### EXERCISE REQUIREMENTS:
Please copy each line of the listing below precisely, excluding the images.

### DATASET CONTENT:
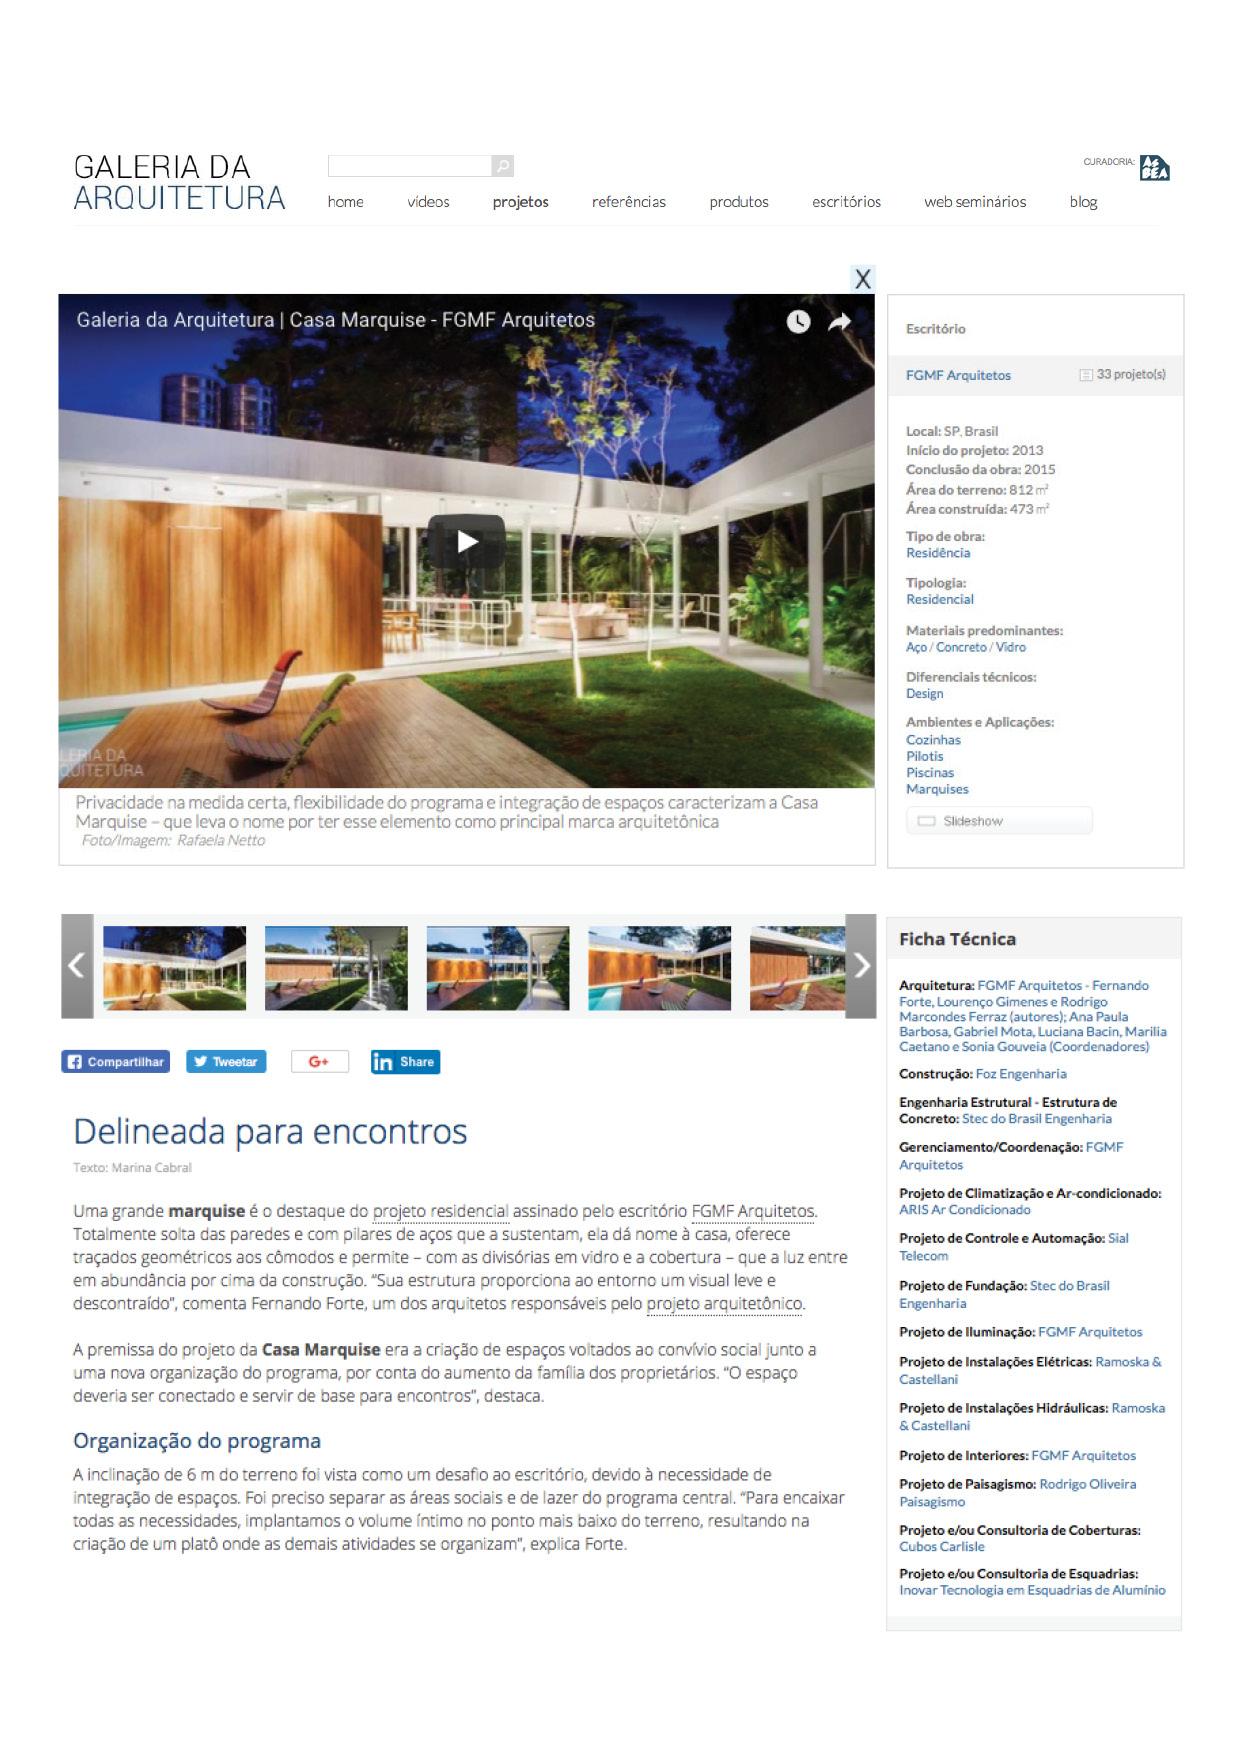 Galeria da Arquitetura | Casa Marquise - março 2018
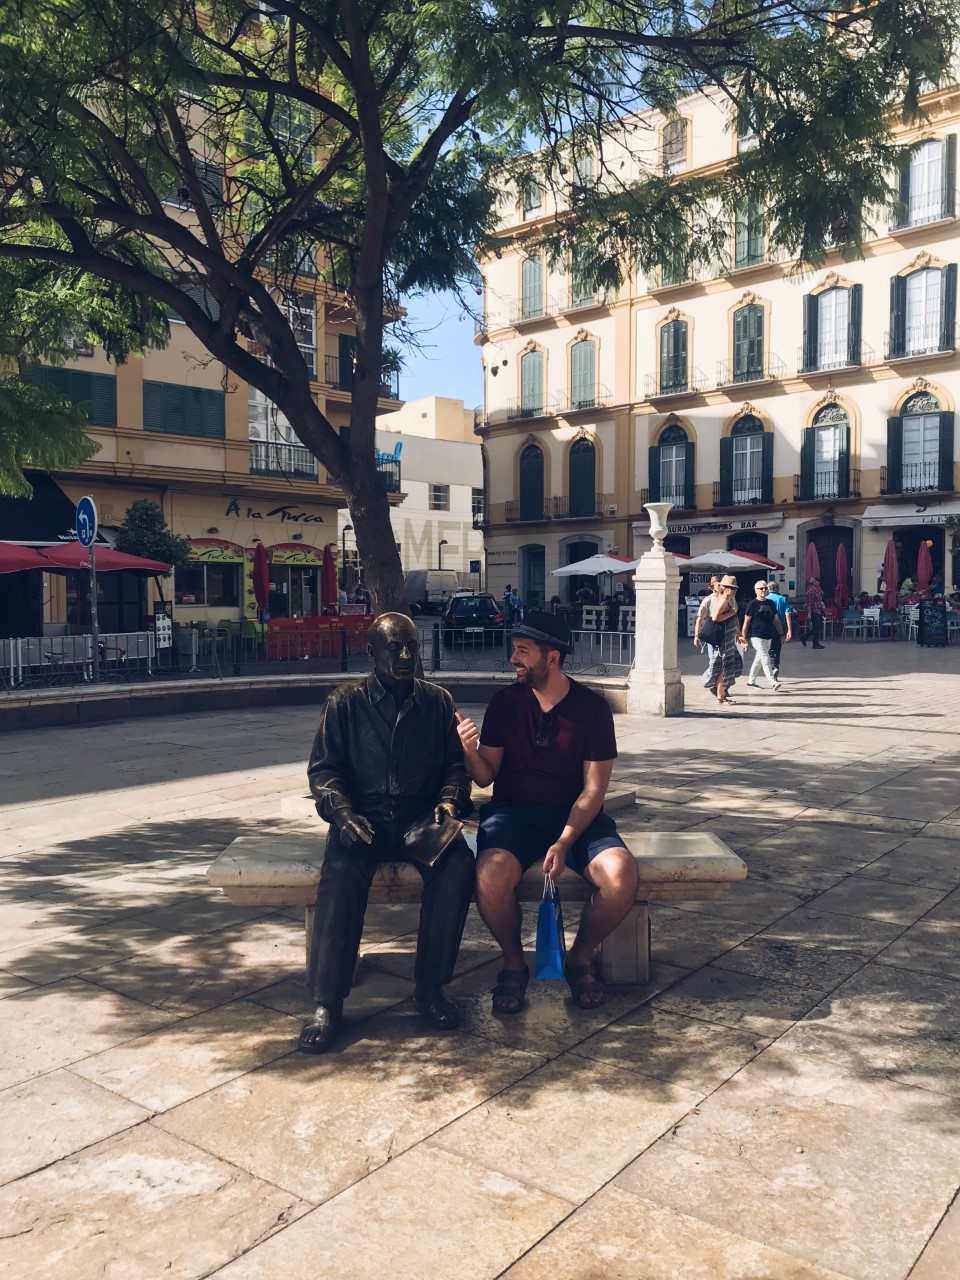 Picasso monument, Malaga.
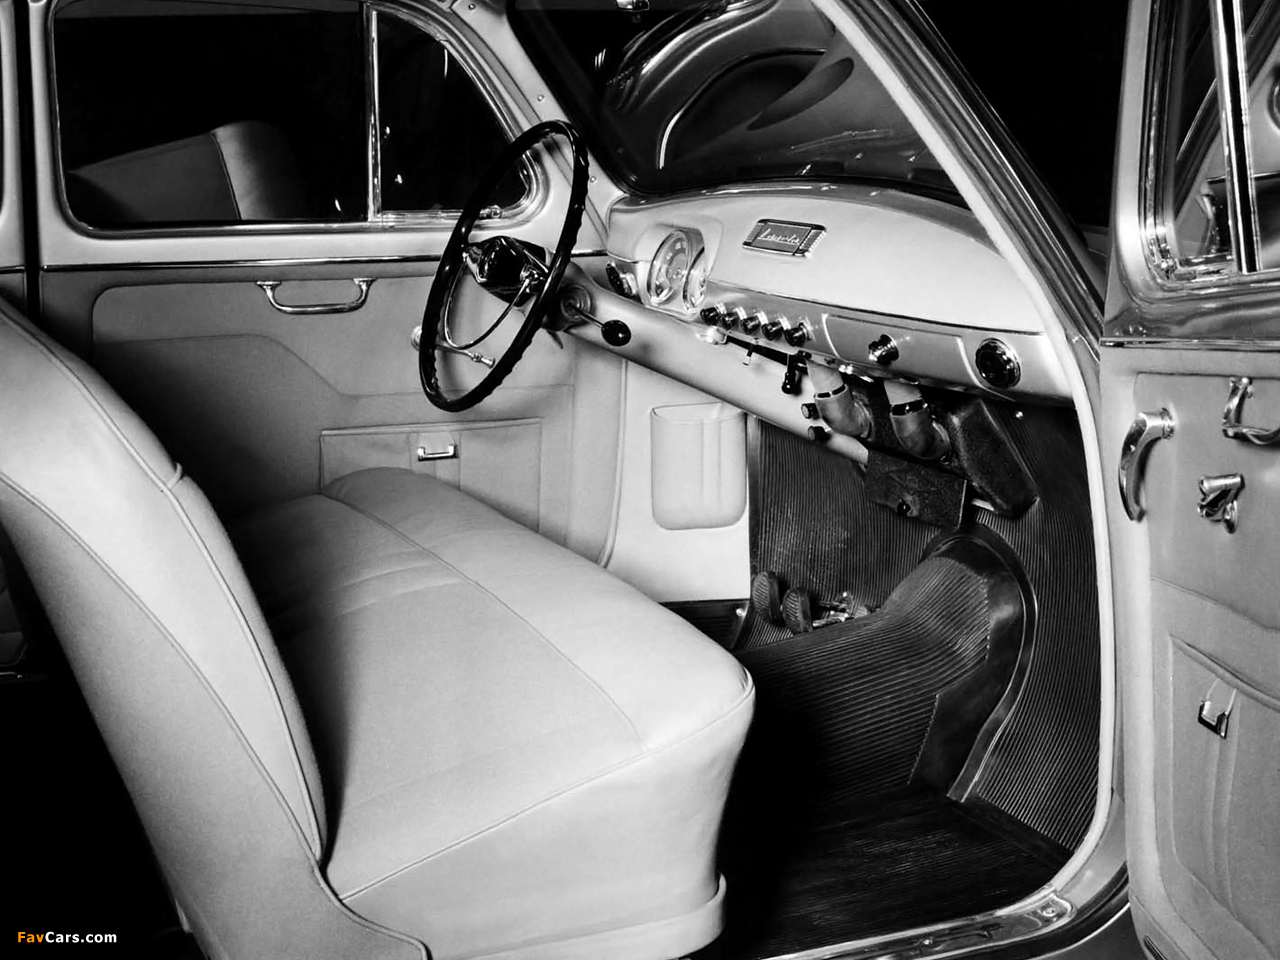 Lancia appia 2 serie c10 195659 pictures 1280x960 lancia appia 2 serie c10 195659 pictures 1280 x 960 vanachro Images
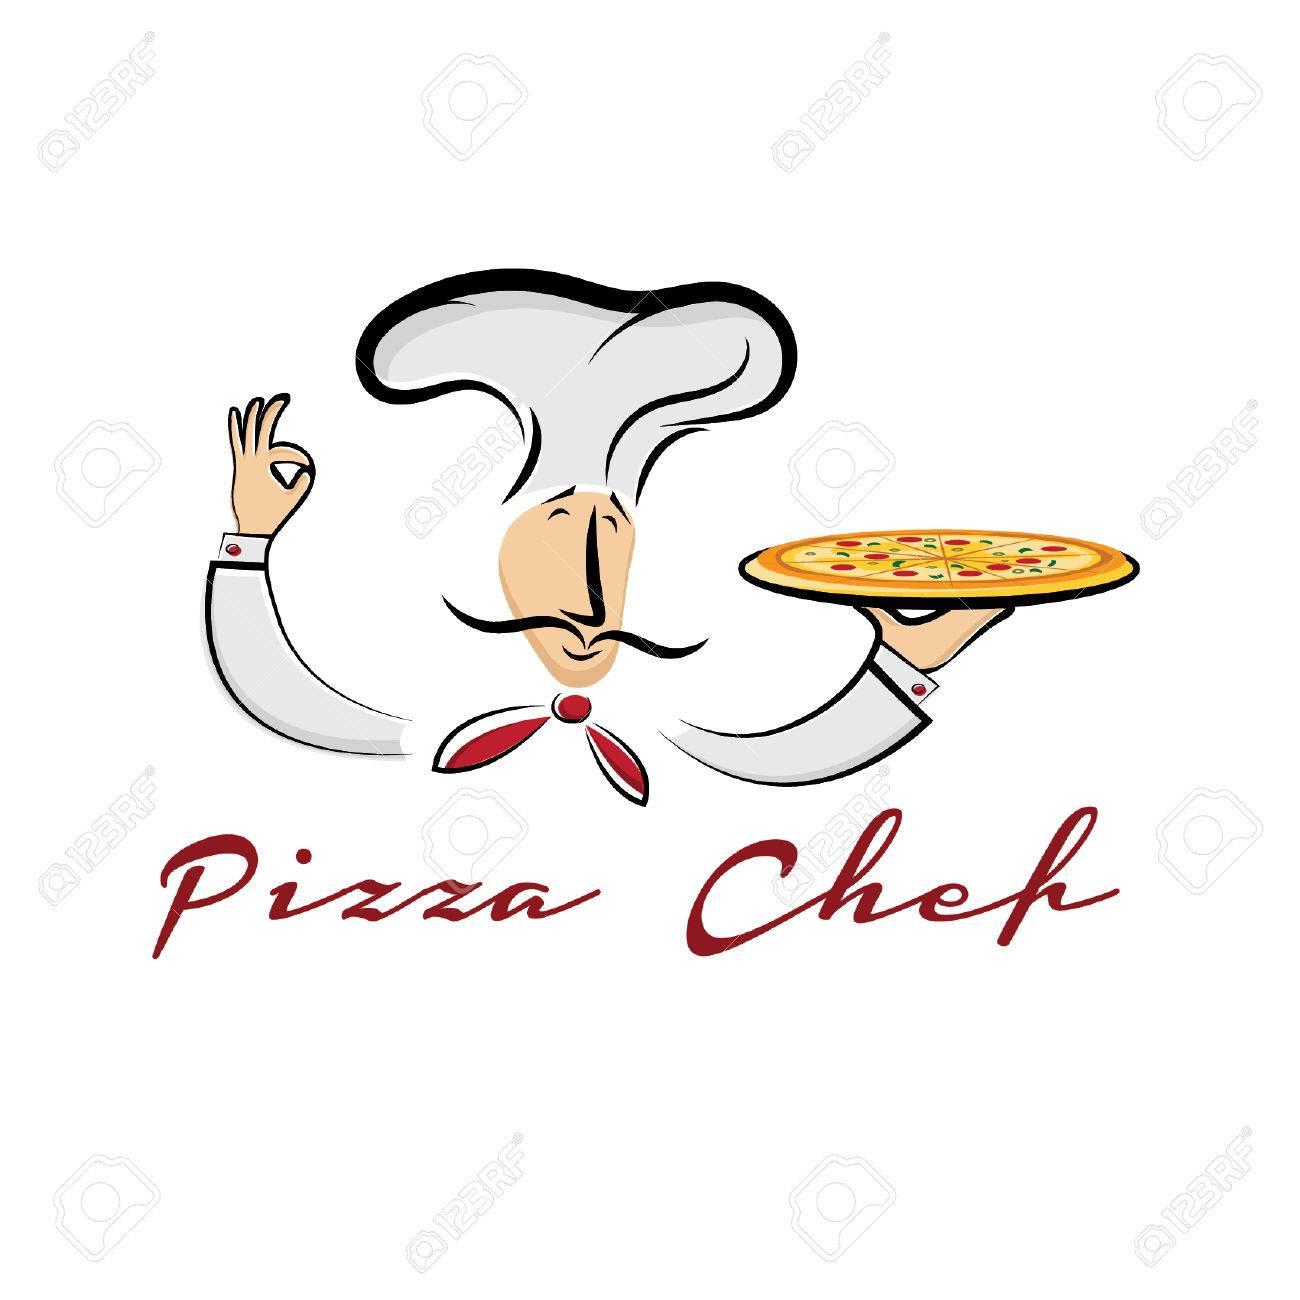 pizza chef cartoon illustration - 31845138

### TASK ANSWER:
 Galeria da Arquitetura | Casa Marquise - março 2018
 Picasso monument, Malaga.
 Lancia appia 2 serie c10 195659 pictures 1280x960 lancia appia 2 serie c10 195659 pictures 1280 x 960 vanachro Images
 pizza chef cartoon illustration - 31845138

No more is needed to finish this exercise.